Interesting. I would have expected to have gotten a "scheduling while
atomic" error message, which I do not recall seeing. And I ran a great
deal of rcutorture on v4.16.
So let's see... As you say, the rcu_torture_timer() function does in
fact acquire rand_lock in 4.16 and 4.17, in which case sleeping would
indeed be illegal.

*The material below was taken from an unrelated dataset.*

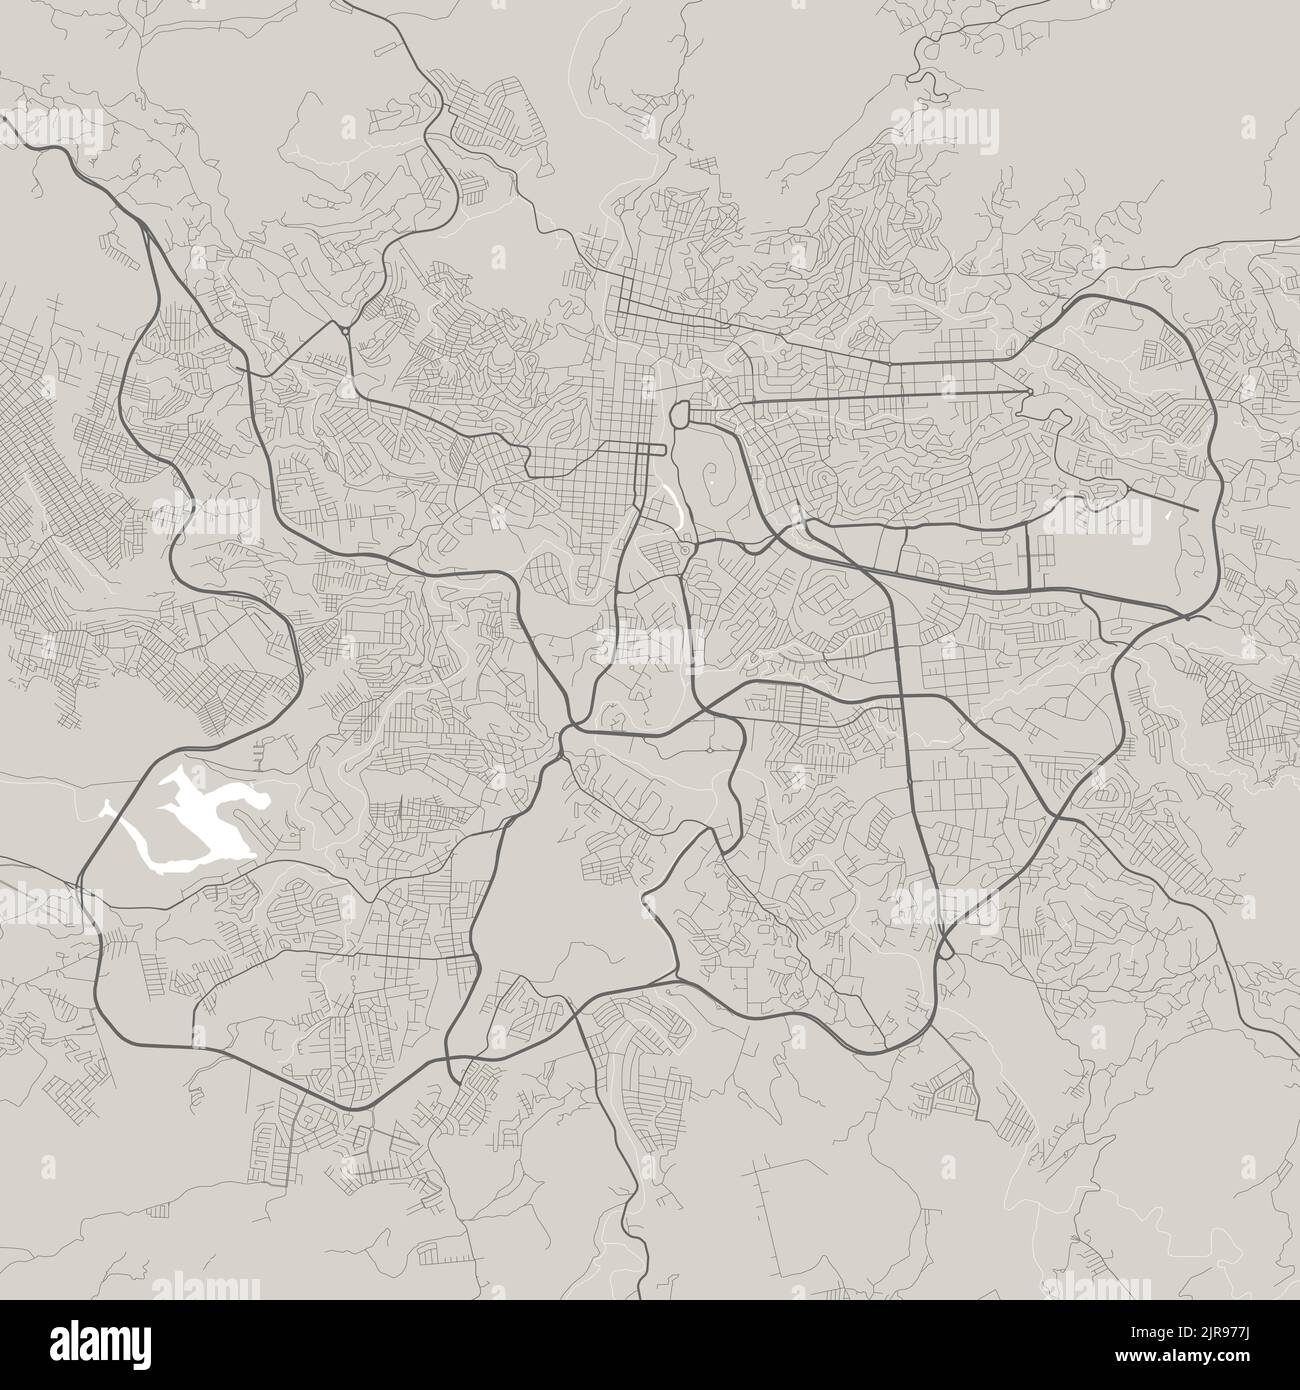 Vector map of Tegucigalpa, Honduras. Urban city in Honduras, America. road map poster illustration. Tegucigalpa map art. Stock Vector

But let's take a look at srcu_read_delay():
static void
srcu_read_delay(struct torture_random_state *rrsp, struct rt_read_seg *rtrsp)
{
long delay;
const long uspertick = 1000000 / HZ;
const long longdelay = 10;
/* We want there to be long-running readers, but not all the time. */
delay = torture_random(rrsp) %
(nrealreaders * 2 * longdelay * uspertick);
if (!delay && in_task()) {
schedule_timeout_interruptible(longdelay);
rtrsp->rt_delay_jiffies = longdelay;
} else {
rcu_read_delay(rrsp, rtrsp);
}
}
The call to schedule_timeout_interruptible() cannot happen unless the
in_task() macro returns true, which it won't if the SOFTIRQ_OFFSET bit
is set:
#define in_task() (!(preempt_count() & \
(NMI_MASK | HARDIRQ_MASK | SOFTIRQ_OFFSET)))
And the SOFTIRQ_OFFSET bit will be set if srcu_read_delay()
is invoked from a timer handler, which is the case for the
call from rcu_torture_timer(). So if that lock is held,
schedule_timeout_interruptible() won't ever be invoked.
So what am I missing here?
Thanx, Paul